_What is needed_:
The data must be given again exactly as written, with all images omitted.

_Supplied information_:
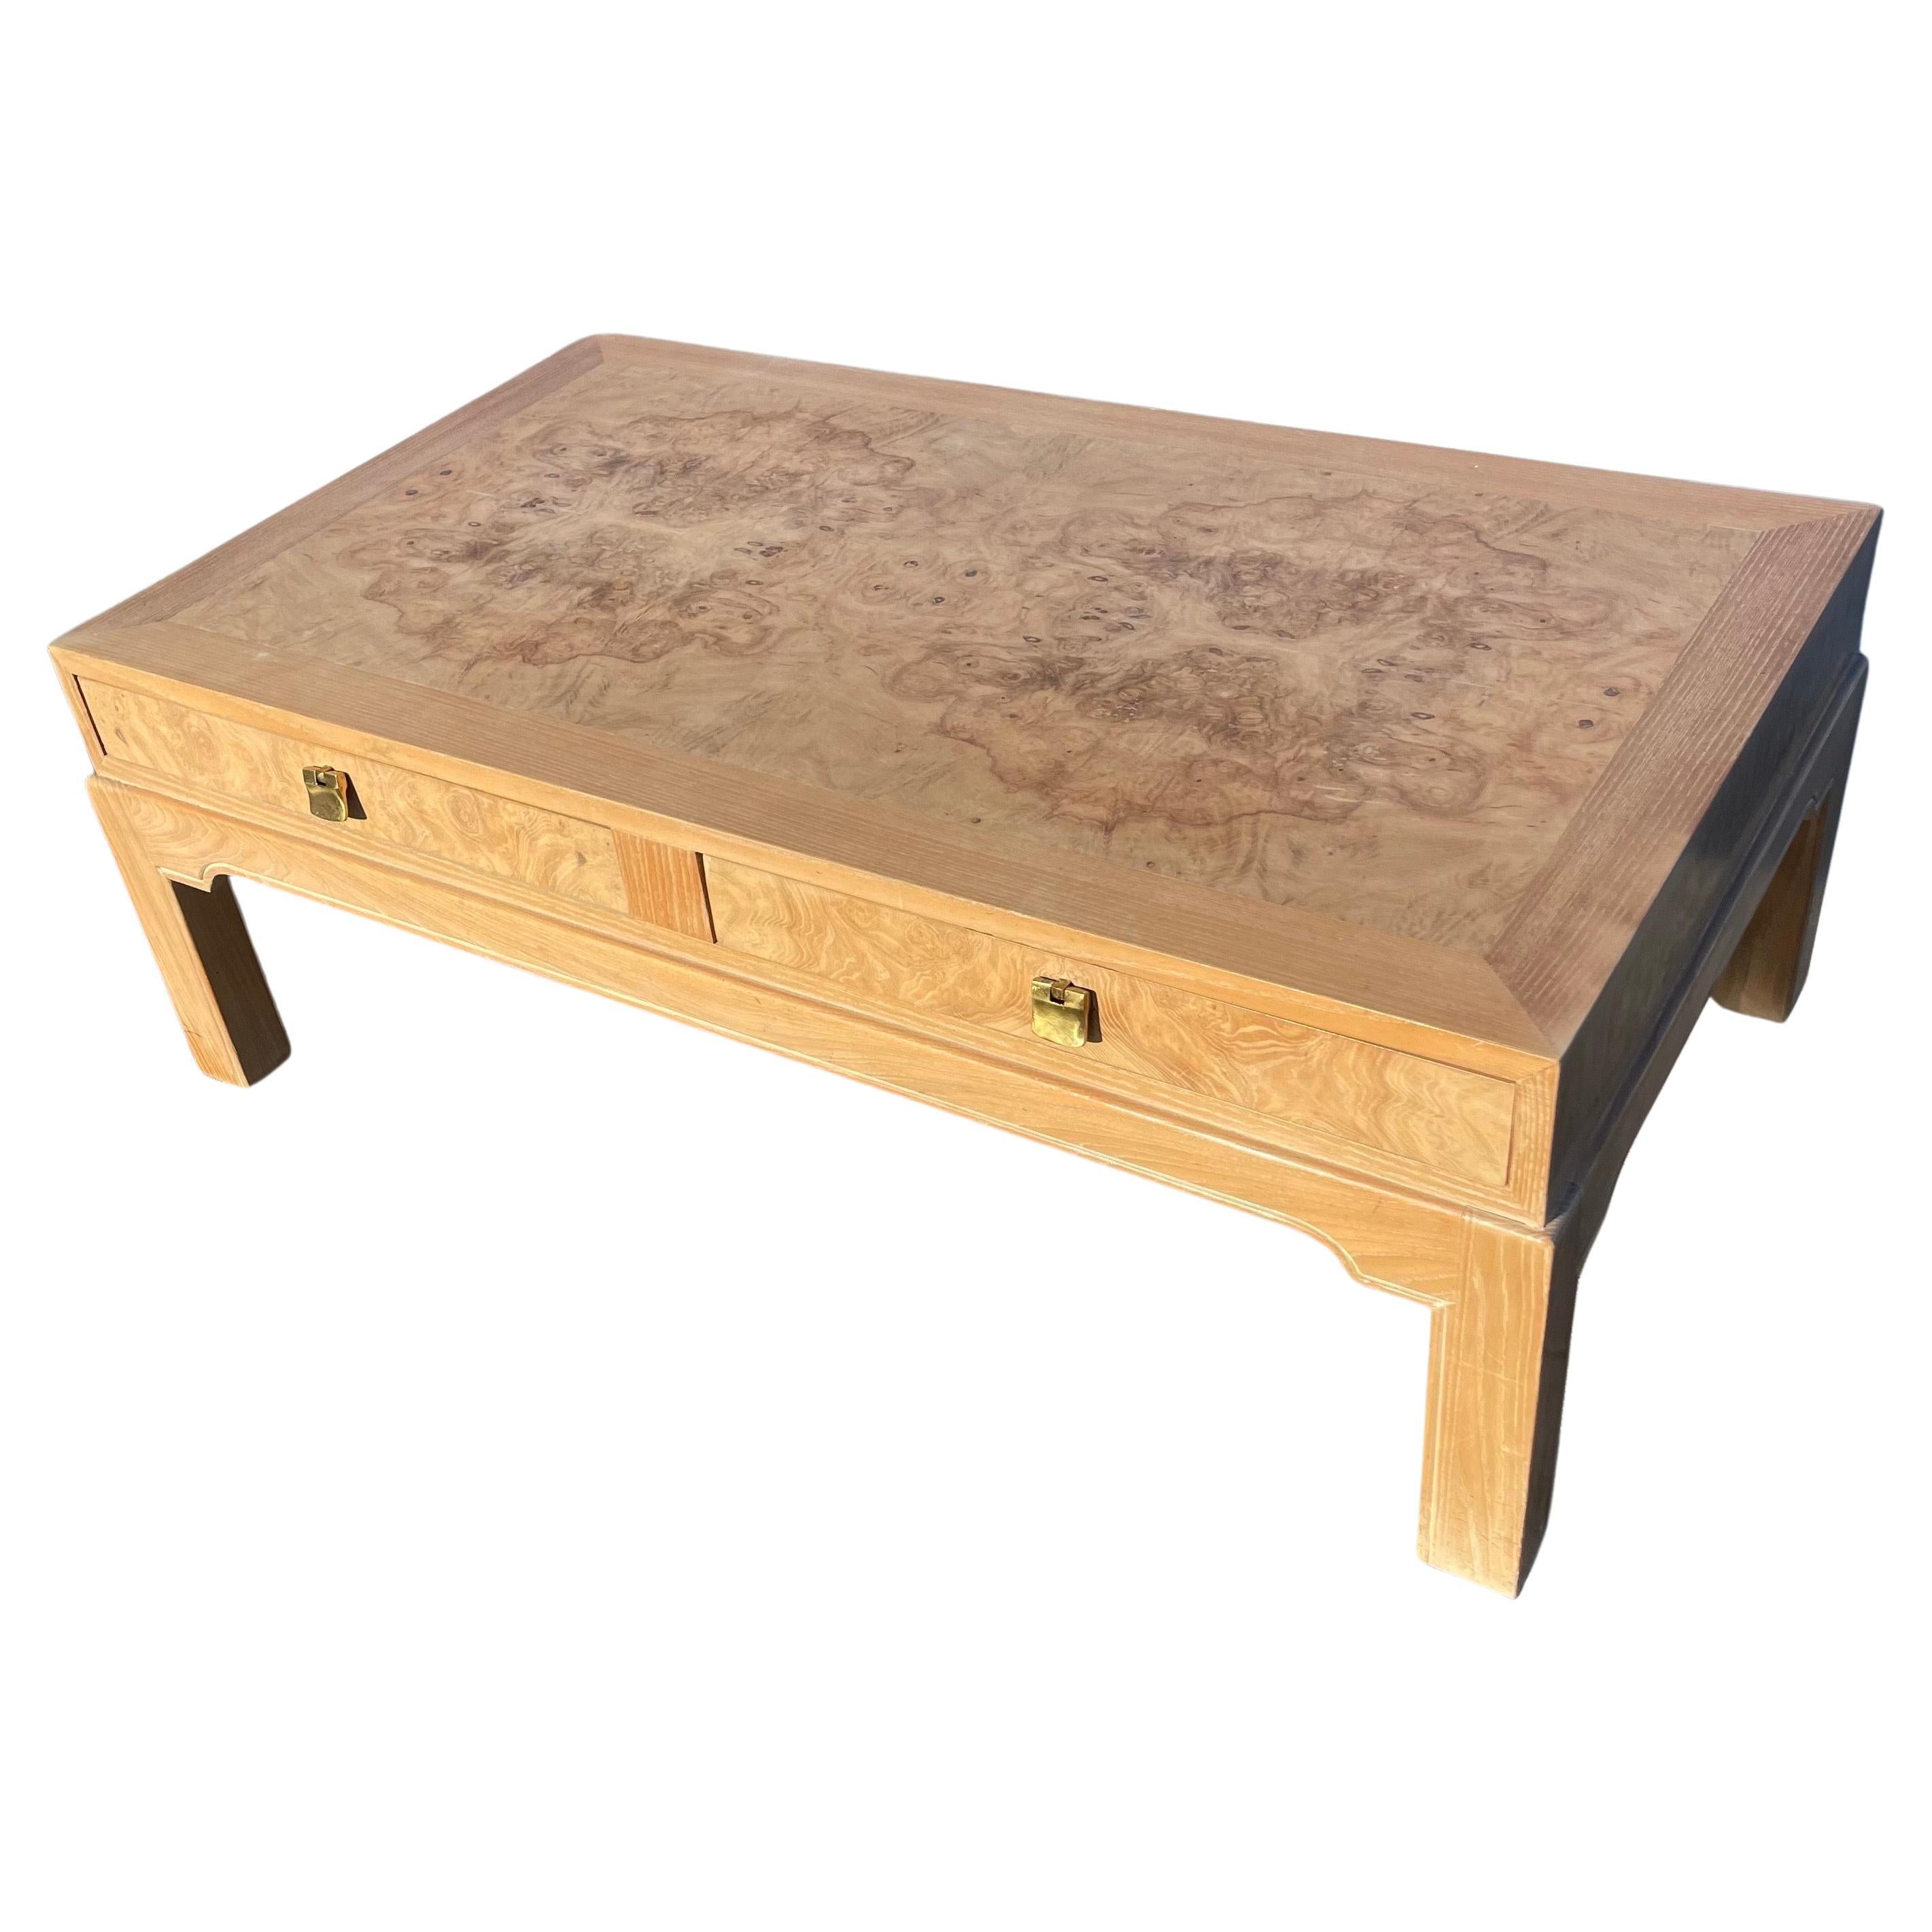 Drexel Heritage “Corinthian” Collection Burl Wood Coffee Table w/Drawers
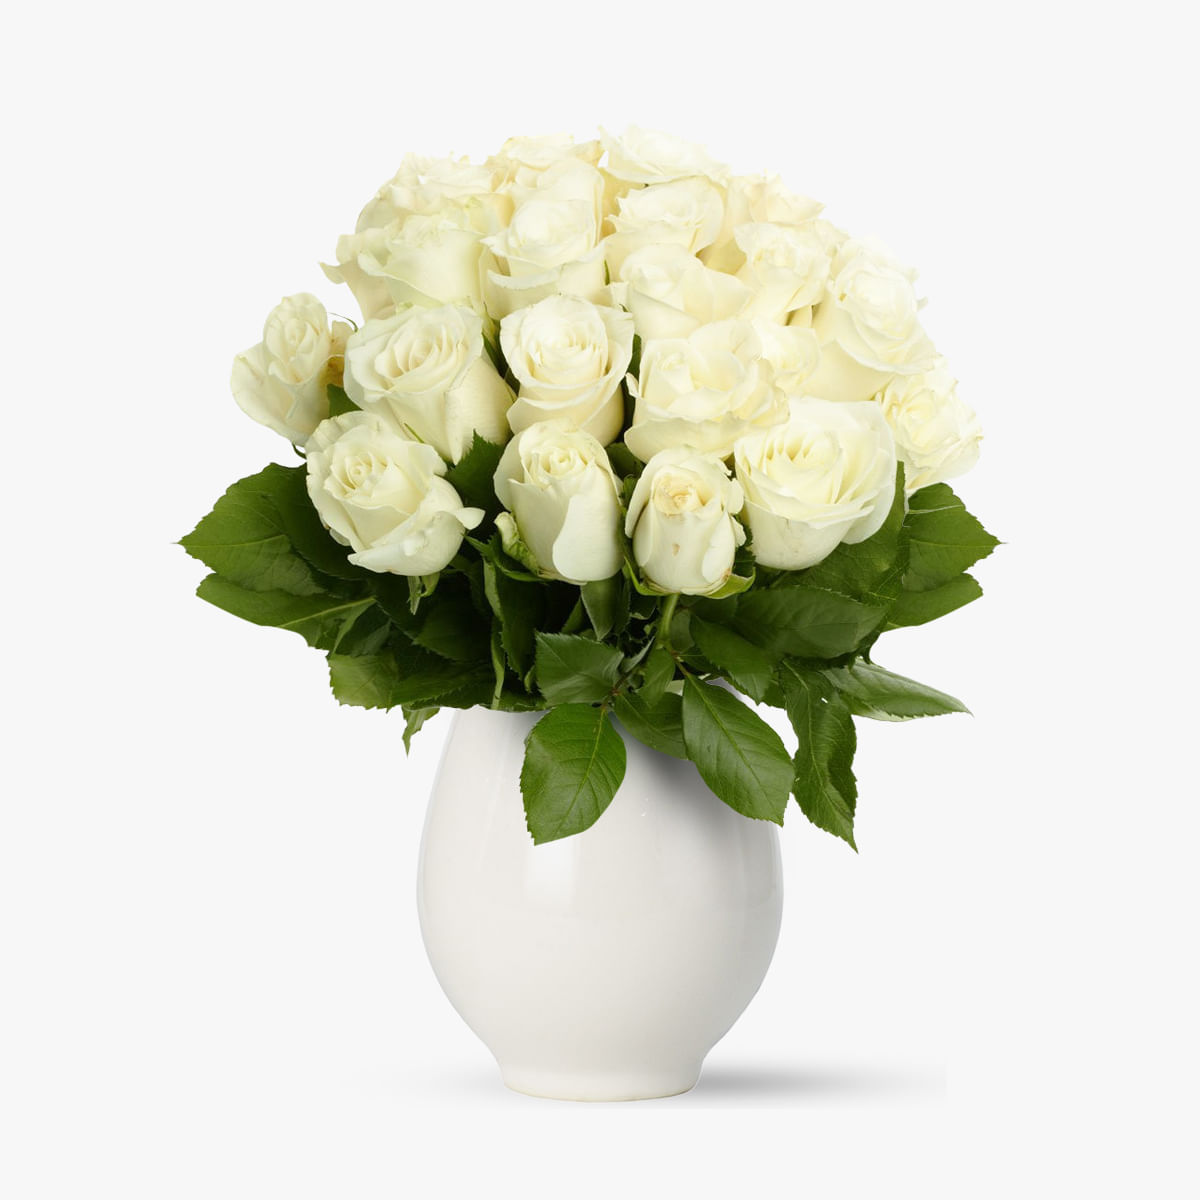 Buchet de 21 trandafiri albi – Standard albi
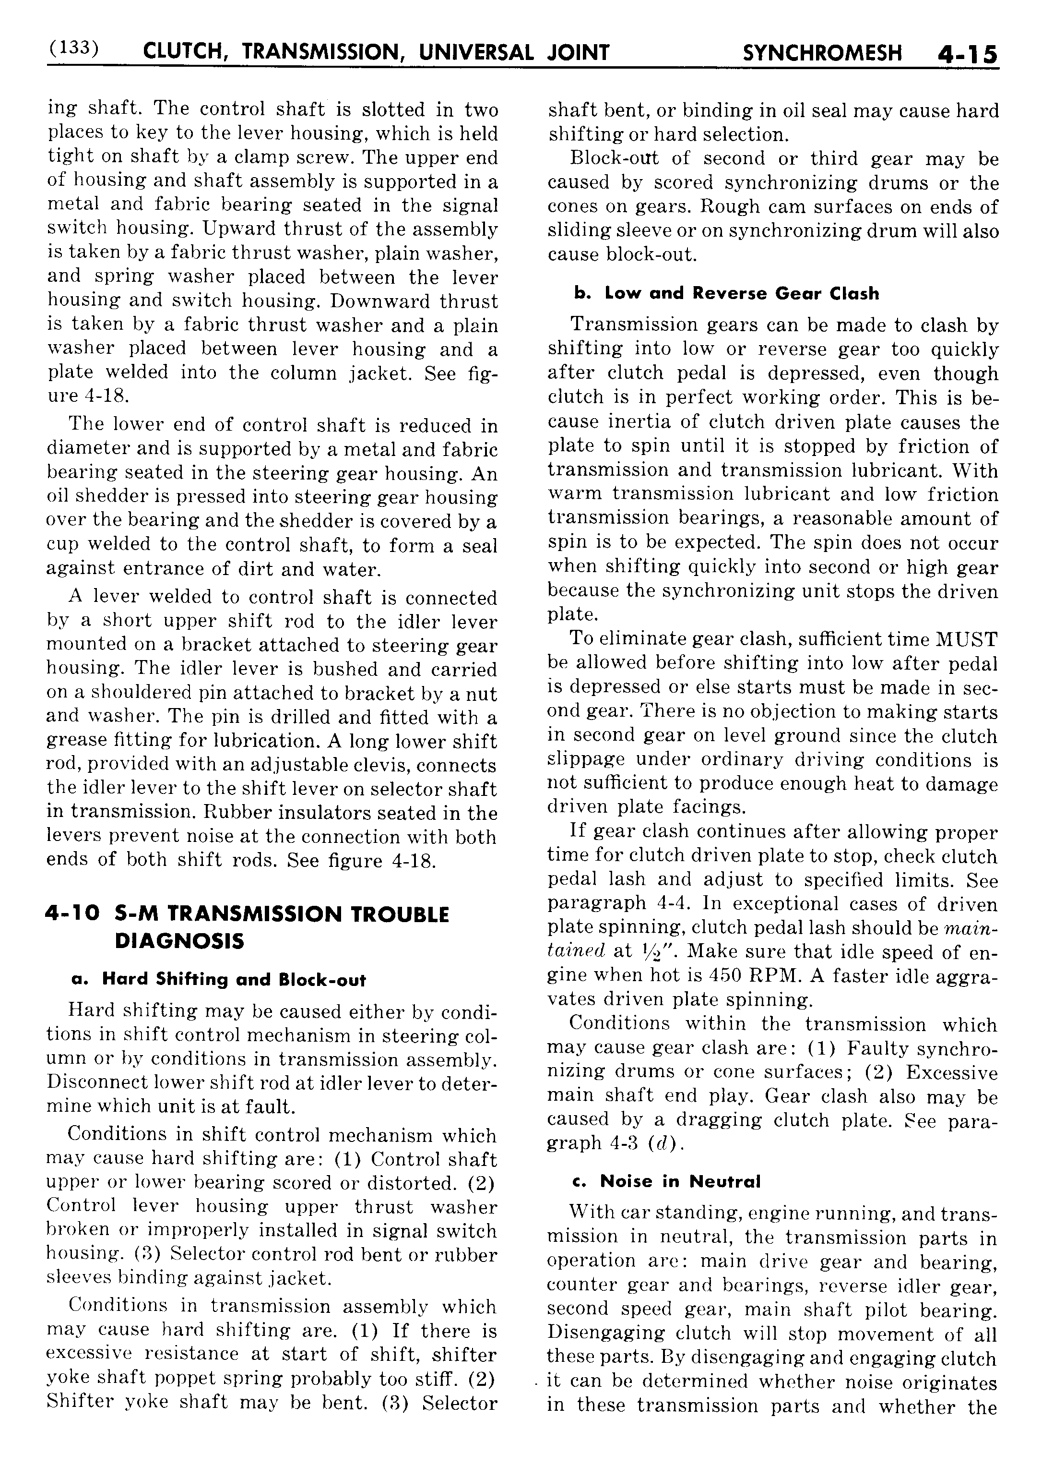 n_05 1951 Buick Shop Manual - Transmission-015-015.jpg

_Answer_:
 Drexel Heritage “Corinthian” Collection Burl Wood Coffee Table w/Drawers
 Buchet de 21 trandafiri albi – Standard albi
 n_05 1951 Buick Shop Manual - Transmission-015-015.jpg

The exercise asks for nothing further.